Kul e’ûżu birabbi-lfelak(i)
1,2,3,4,5. De ki: “Yarattığı şeylerin kötülüğünden, karanlığı çöktüğü zaman gecenin kötülüğünden, düğümlere üfleyenlerin kötülüğünden, haset ettiği zaman hasetçinin kötülüğünden, sabah aydınlığının Rabbine sığınırım.”
“Sabah” diye çevirdiğimiz felak kelimesi “yarmak” anlamındaki felk (فلق)masdarından isimdir. Yarma ve çatlatma neticesinde meydana gelen şeyin sıfatı olarak kullanılmaktadır. Yaygın yoruma göre burada Allah’ın gece karanlığını yarması neticesinde meydana gelen sabah aydınlığını ifade eder. Ancak, bir sonraki âyetle bağlantısı dikkate alındığında kelimenin, “yokluktan yarılıp çıkan mahlûkat” şeklinde özetleyebileceğimiz daha genel bir anlam içerdiğini kabul etmek gerekir. Buna göre felak kelimesi kâinatın yokluk alanından belki bir patlama ile ilk meydana gelişini ve yaratılışını ifade eder. Bu cümleden olmak üzere arzdan kaynayan pınarlar, bulutlardan boşalan yağmurlar, tohumlardan filiz veren bitkiler, rahimlerden çıkan yavrular gibi Allah’ın kudretiyle bir asıldan, bir kaynaktan ayrılıp çıkan bütün mahlûkat felak kelimesinin kapsamına girer. Ayrıca –Muhammed Esed’in de belirttiği gibi (III, 1324)– felak kelimesinin, “bir belirsizlikten (dönem) sonra hakikatin ortaya çıkışı” şeklindeki tanımı (Tâcü’l-arûs, “flk” md.) dikkate alındığında “sabahın rabbi” deyimiyle “Allah’ın, hakikatin her şekildeki idrakinin kaynağı olduğuna ve bir kimsenin O’na sığınmasının, ‘hakikatin ardından koşmak’ ile eş anlamlı olduğuna” işaret edildiği de düşünülebilir. Eski tefsirlerde felak kelimesine, “cehennemin ismi, cehennemde bir zindanın veya bitkinin ya da kuyunun ismi” gibi –bize göre isabetli olmayan– başka yorumlar da getirilmiştir (meselâ bk. Taberî, XXX, 349-351; Şevkânî, V, 616-617).

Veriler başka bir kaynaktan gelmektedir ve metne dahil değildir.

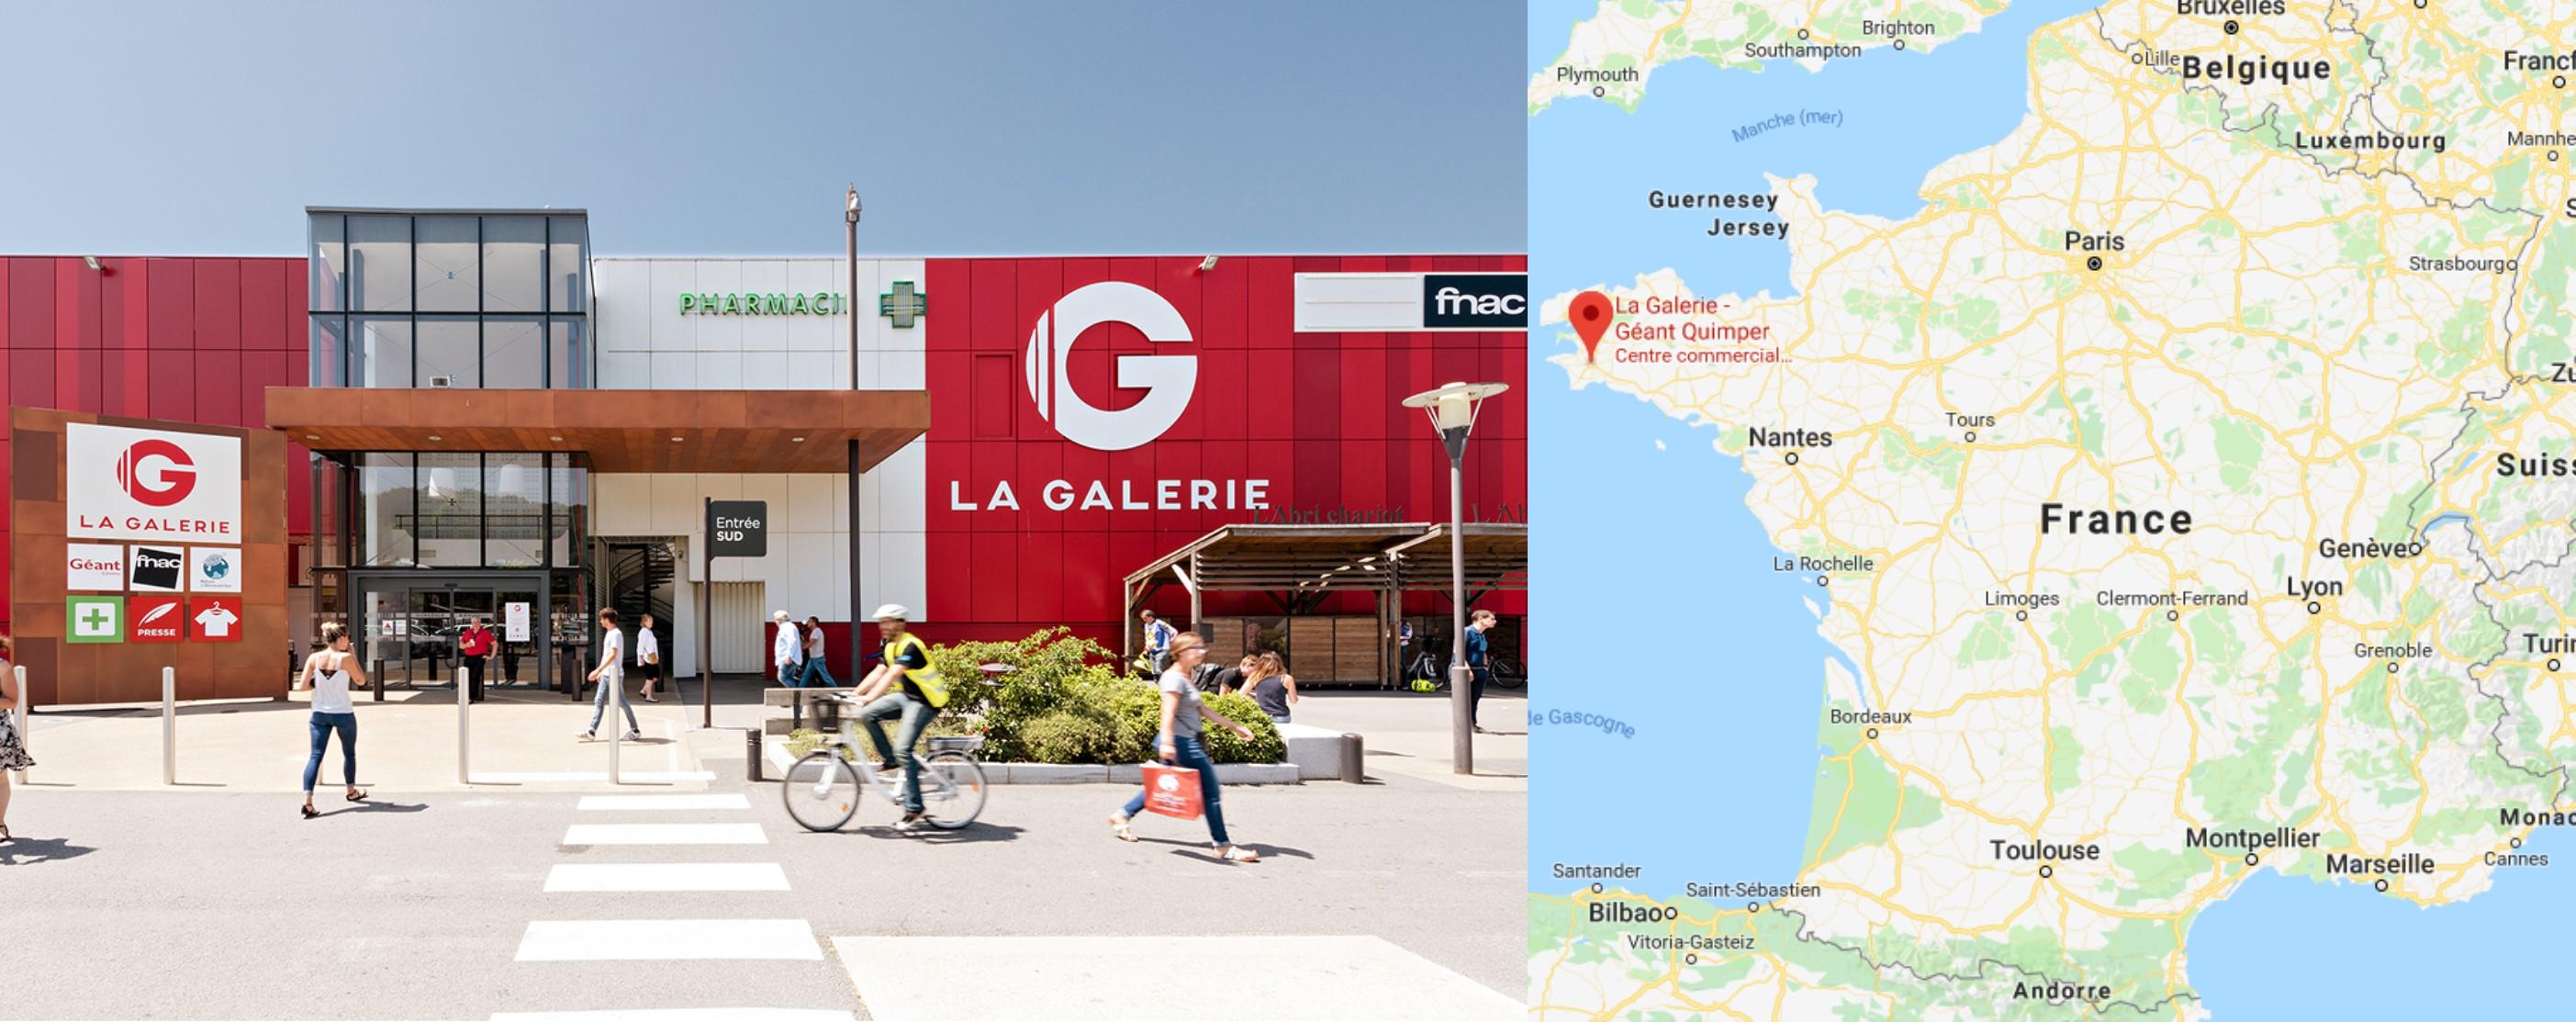 Centre commercial La Galerie Géant à Quimper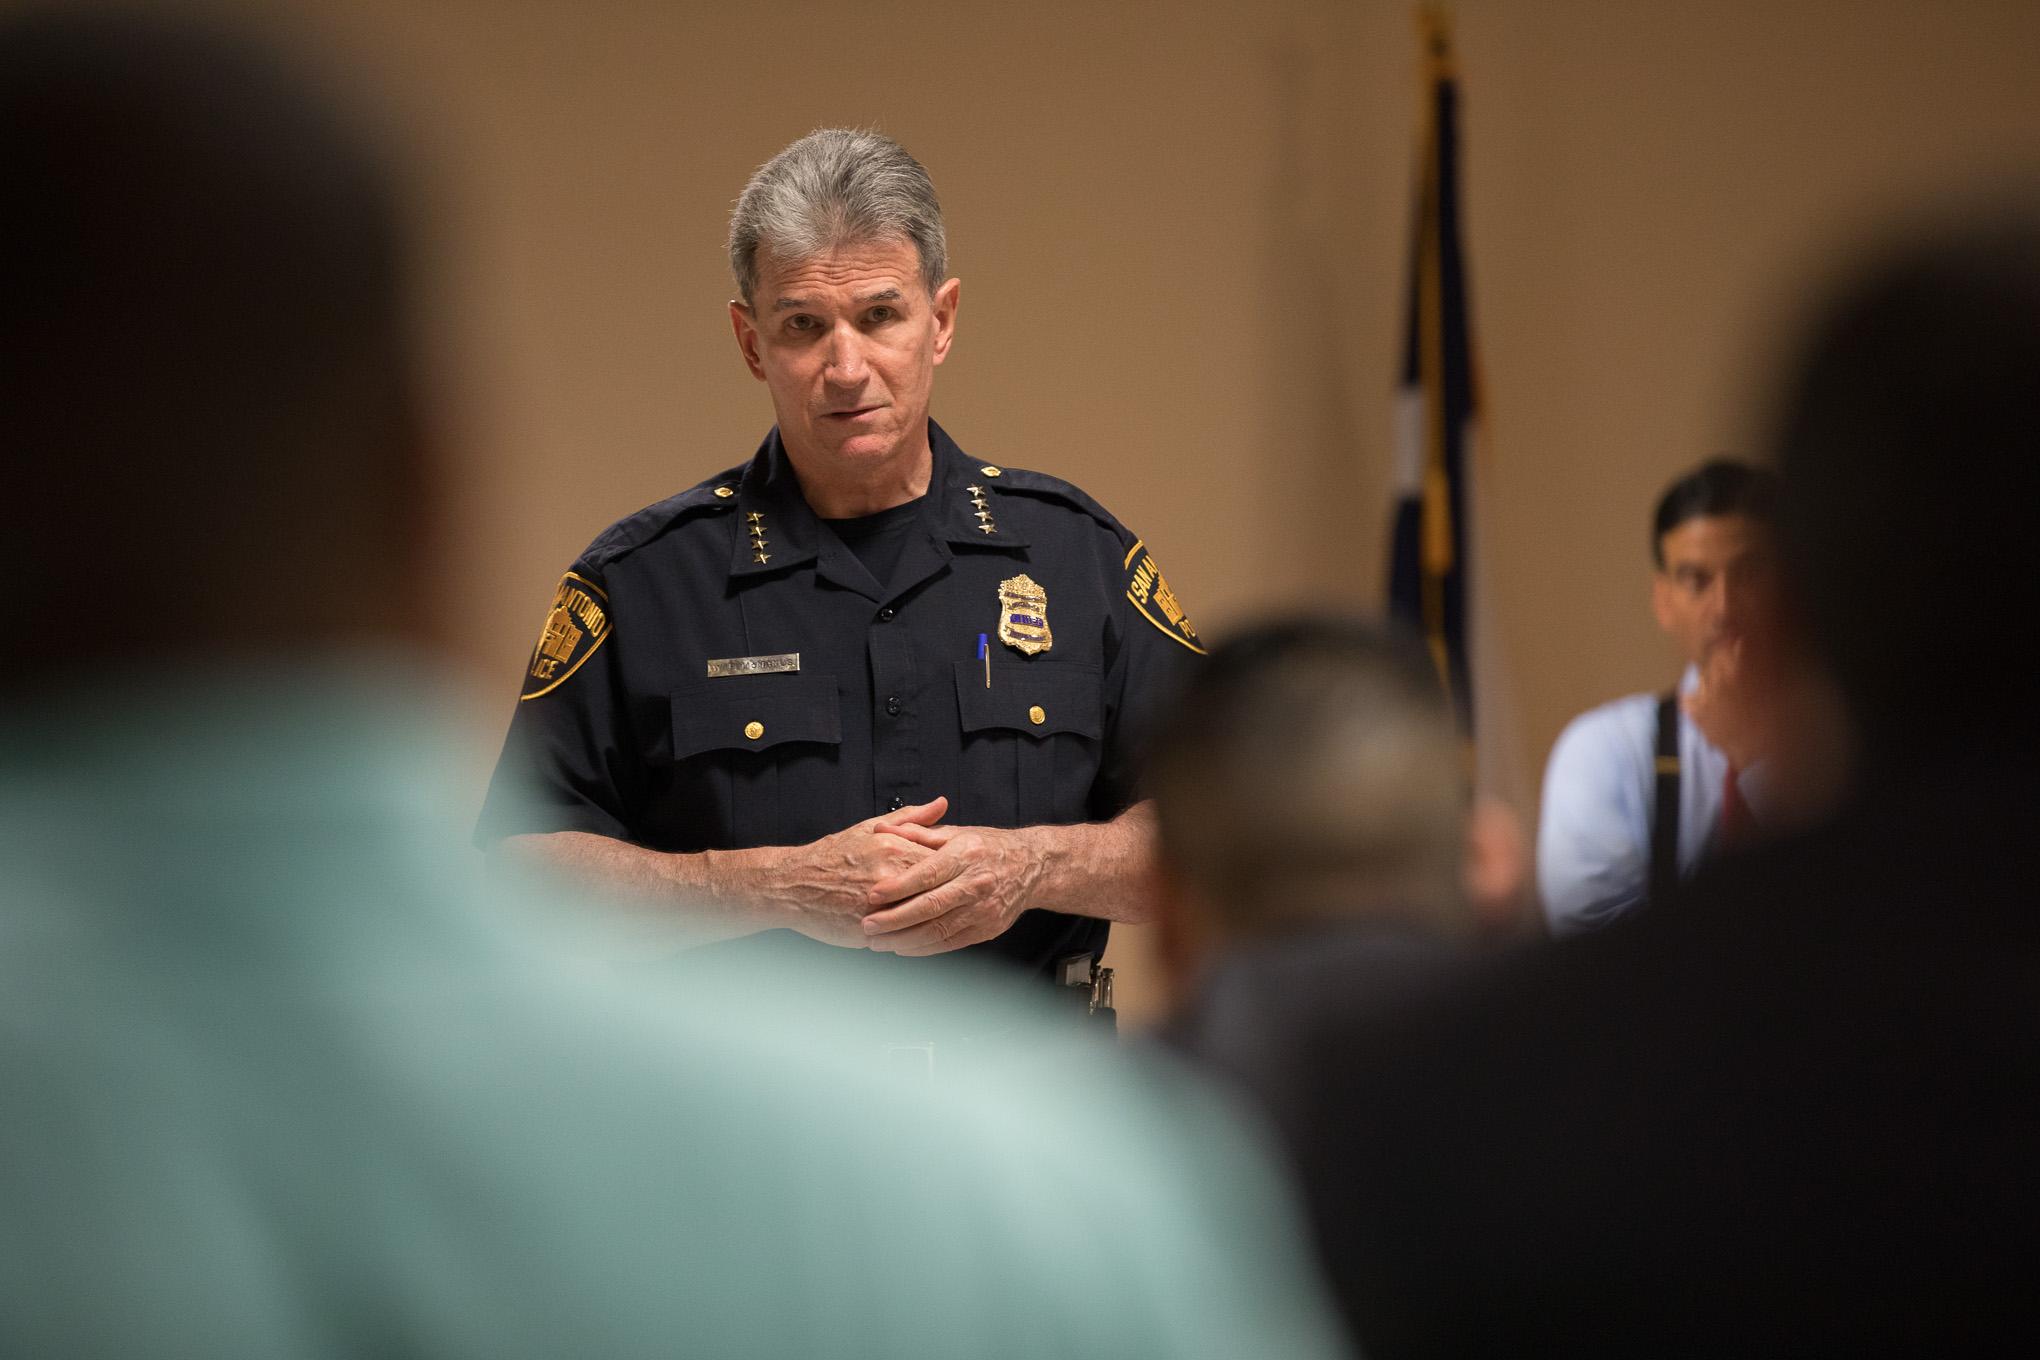 San Antonio Police Chief William McManus

De ki: “(Şunların şerrinden) ağaran sabahın Rabbine sığınırım:
Kur’an’da sadece bu ayette geçen [el-felak] kelimesi, “sabah ve sabahın aydınlığı”, “cehennemde kapalı bir yer”, “cehennemde bir ev, kuyu”, “bizzat cehennemin isimlerinden biri” gibi anlamlara gelmektedir.
De ki: Ben, ağaran sabahın Rabbine sığınırım. [823]
[823] Felak sûresi ve genel ilkeler için bk. Bayraklı, KUR’ÂN TEFSÎRİ, XXI, 451; 461.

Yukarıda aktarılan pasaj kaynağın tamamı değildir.